Reformist journalist Nazanin Khosravani has been sentenced to six years in jail. She was arrested last November 3 at her father's home and detained until March 15. She was released after posting $540,000 bail.

Attorney Mohammad Oliaeifar was released from prison. He was arrested in April 2010, convicted of "propaganda against the political system by granting interviews" to foreign press, and sentenced to one year in prison. He was released after serving his full sentence.

More than 100 workers at Iran's long-distance communication company demonstrated in Shiraz, protesting the fact that they have not been paid for 20 months. In his most recent trip to Shiraz, Ahmadinejad had ordered the officials to pay the workers, but that has failed to happen. The workers shouted, "Life, livelihood are our inalienable rights."

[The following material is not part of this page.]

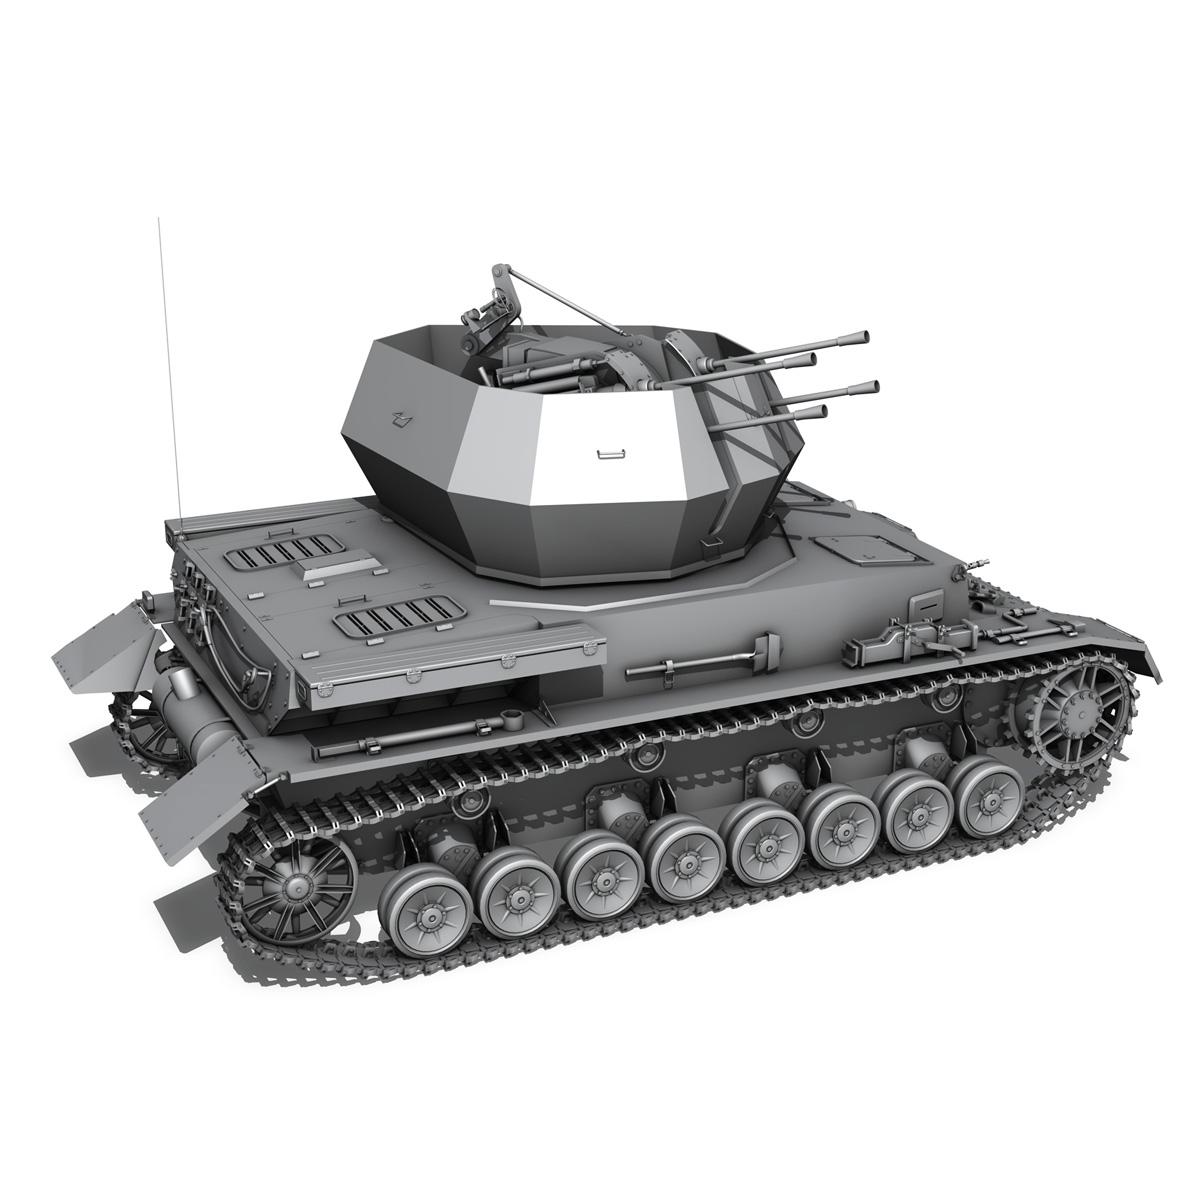 flakpanzer 4 - wirbelwind 3d model 3ds fbx c4d lwo obj 190388

Ali Asghar Sijani, director of the documentary The Appearance Is Imminent, was arrested. The documentary has been widely distributed as a DVD. It claims that Imam Mahdi, the 12th Shia Imam who disappeared over 1,000 years ago, will soon return and that Khamanei, Ahmadinejad, and Sheikh Hassan Nasrallah of Lebanese Hezbollah will be his close confidants. The documentary was widely criticized by traditionalist grand ayatollahs, but Khamenei himself has so far been silent about it.

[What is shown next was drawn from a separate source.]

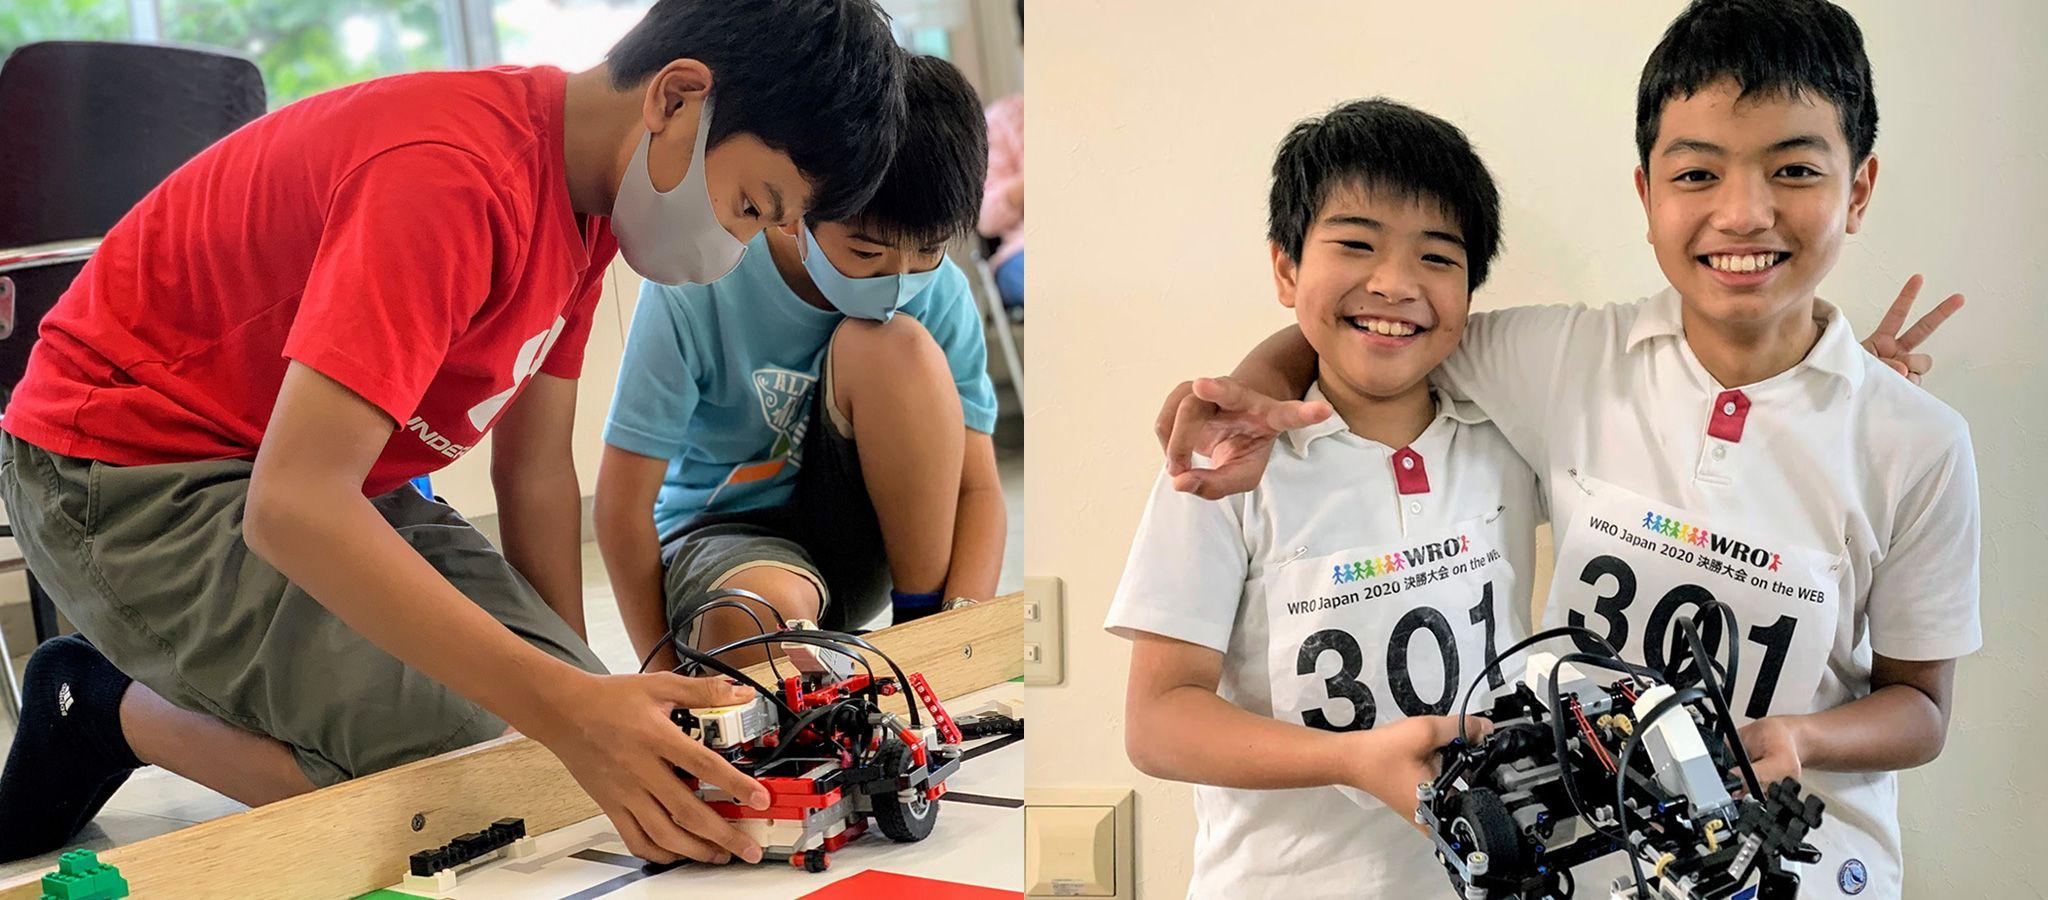 小学生恐るべし、ロボコンで見せた圧巻の動作

Hundreds of University of Tehran students protested the separation of students based on gender. Since last week, male and female students have been officially separated in all of the university's essential services and facilities, such as buses and restaurants. The protesters described the new policy as an insult. To disrupt it, male and female students were riding the buses together, until the bus service was halted and the students were threatened by the school's security officials.

Fars News Agency reported that the annual budget for the Iranian year that ended on March 20 had a shortfall of close to $15 billion. According to the report, many sources of income predicted by the government did not materialize.

Major General Yahya Rahim Safavi, senior military adviser to Khamenei and former top commander of the Revolutionary Guards said, "What Saudi Arabia did by dispatching its forces to Bahrain can be used against it." He said, "What Saudi Arabia has done is against international laws and intervention in the domestic affairs of another country, which may be used against it some day."